Il rapporto con la natura si sviluppa fin dall'infanzia. Il clima rigido non è un impedimento, il gioco all'aria aperta è un appuntamento quotidiano, con la neve, con la pioggia e con il sole. Tute imbottite, simili a quelle da sci, più scarponcini per l'inverno; salopette e giacca impermeabile più stivali di gomma, per divertirsi con la pioggia; maglietta, pantaloni corti, crema solare e cappellino, nei lunghi giorni estivi: i vestiti si adattano al clima.

Nel Nord del paese, dove il sole per mesi non riesce a superare la linea dell’orizzonte, si gioca comunque all’aperto, approfittando delle poche ore di alba-tramonto in cui la luce bluastra si riflette sulla neve. Un insegnante locale mi spiega che i bambini escono sempre, tranne quando la temperatura scende sotto i -15°: che sia quella la linea di confine tra bambino e pinguino?

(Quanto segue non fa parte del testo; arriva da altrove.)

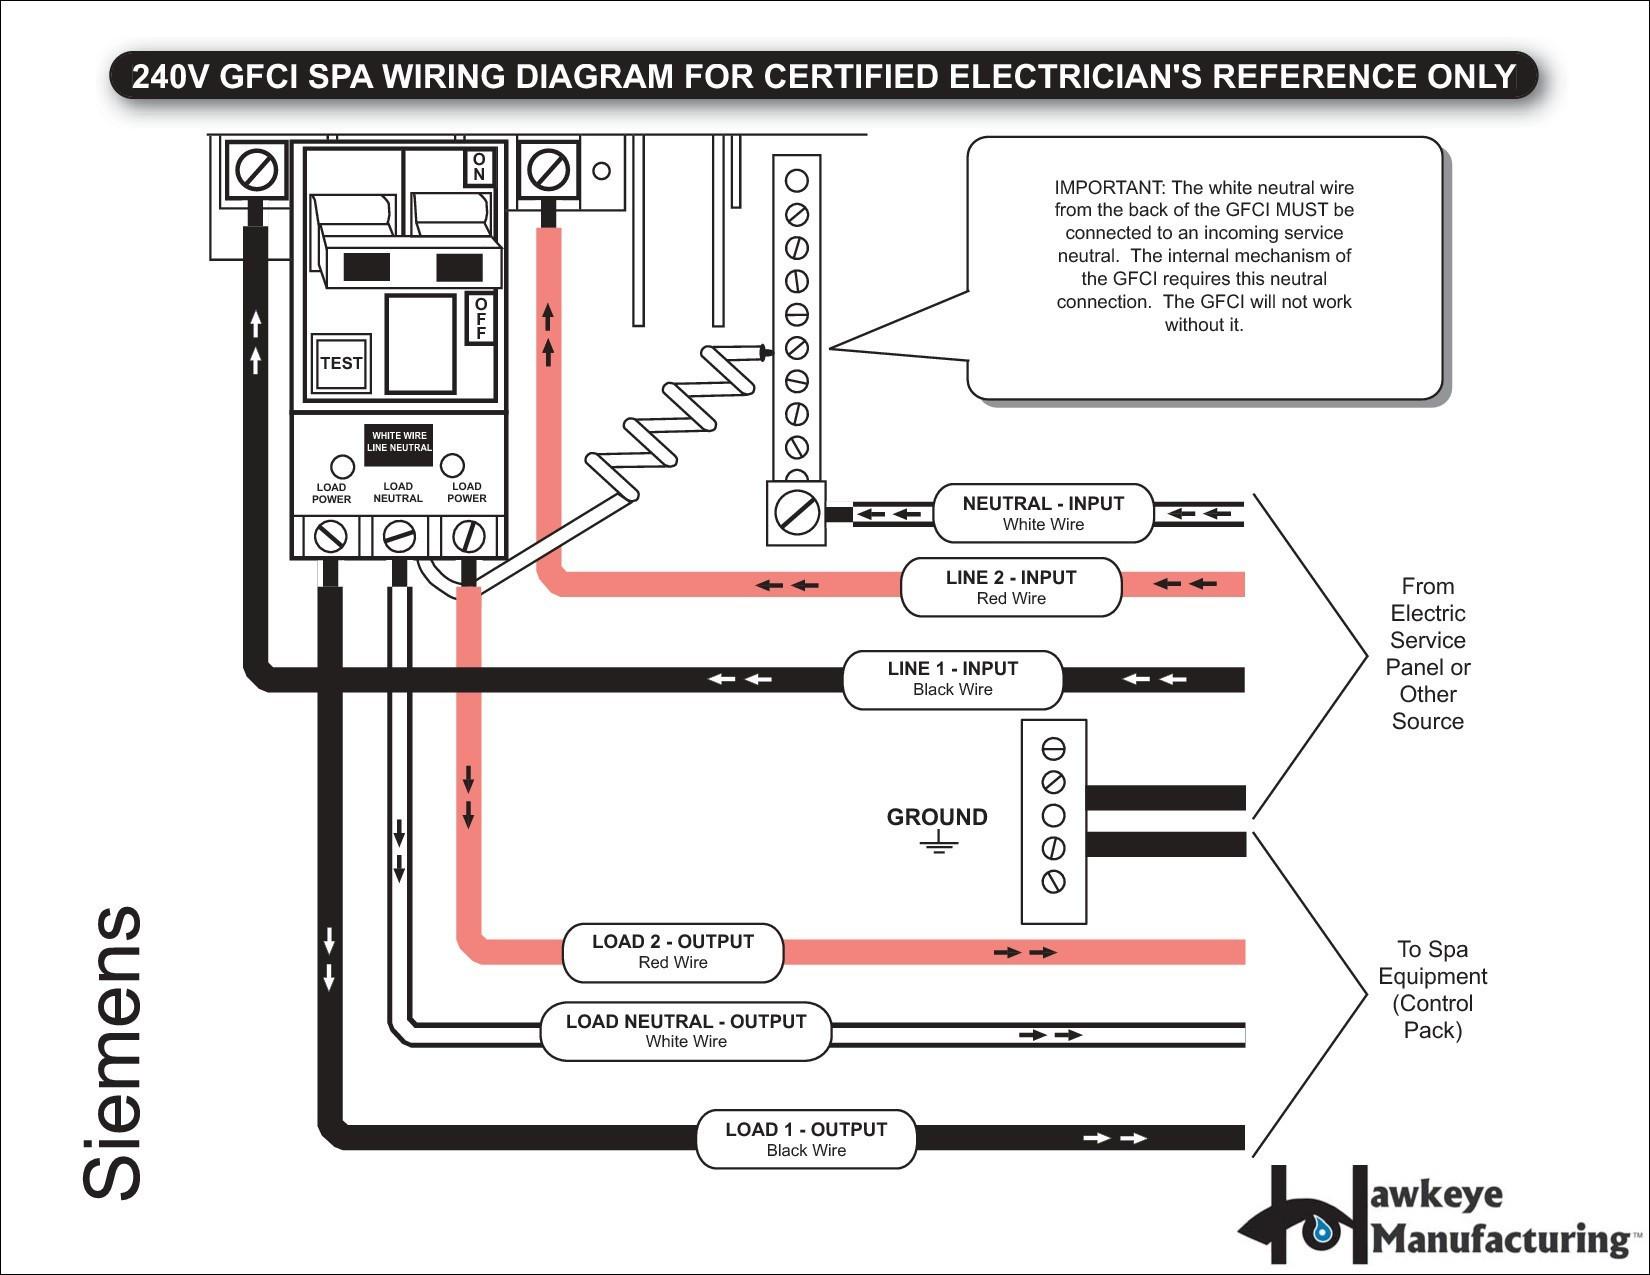 Wiring Diagram Gfci Breaker Save Wiring Diagram Gfci Outlet Valid 2 Pole Gfci Breaker Wiring Diagram

I piccoli norvegesi muovono i primi passi nella natura, cadono tra le foglie, mordicchiano le pigne e impastano terra e acqua per creare gustosi dolci da regalare ai genitori. I giocattoli rimangono in casa: all'aria aperta si inventano ogni giorno nuovi giochi, spinti dalla sola regola della fantasia. Gli adulti accompagnano i bambini in lunghe passeggiate, insegnano a riconoscere le diverse piante dalle foglie, ad orientarsi osservando il muschio, a scegliere i sassi su cui camminare per non perdere l'equilibrio.

Le differenze di genere non sono enfatizzate, tutti possono giocare con le macchinine e con le bambole. Molte bambine arrivano a scuola agghindate come le principesse Disney e tornano a casa la sera con lo stesso vestito sporco di fango, dopo un pomeriggio trascorso a rotolare nel prato. Ci sono bambini che passano la giornata a lottare, imitando i super eroi, poi, esausti, si siedono al tavolino con le bimbe e intrecciano un bracciale di perle da regalare alla mamma.

Non mi sento di dire che questi bambini siano più felici di quelli italiani, credo che la felicità sia una caratteristica dell'infanzia, indipendentemente dal luogo in cui si cresce.

Ho notato un minore protagonismo dei più piccoli: il loro arrivo arricchisce la vita dei genitori, non la stravolge. A volte ho l'impressione che i bambini italiani siano trattati come star: tutta la famiglia li osserva, tutti accorrono se il piccolo cade, tutti tacciono se il bimbo parla. Forse perché sono pochi, piccoli miracoli in un paese sempre più anziano.

Volendo trovare un difetto al modello educativo norvegese, a volte il tentativo di stimolare l'indipendenza è eccessivo. Ci sono bambini che, con atteggiamenti esasperati, dimostrano il bisogno di una presenza adulta vicino: piccoli cicloni che, nel loro caos, chiedono solo di essere abbracciati, di essere presi per mano, come tutti i bambini.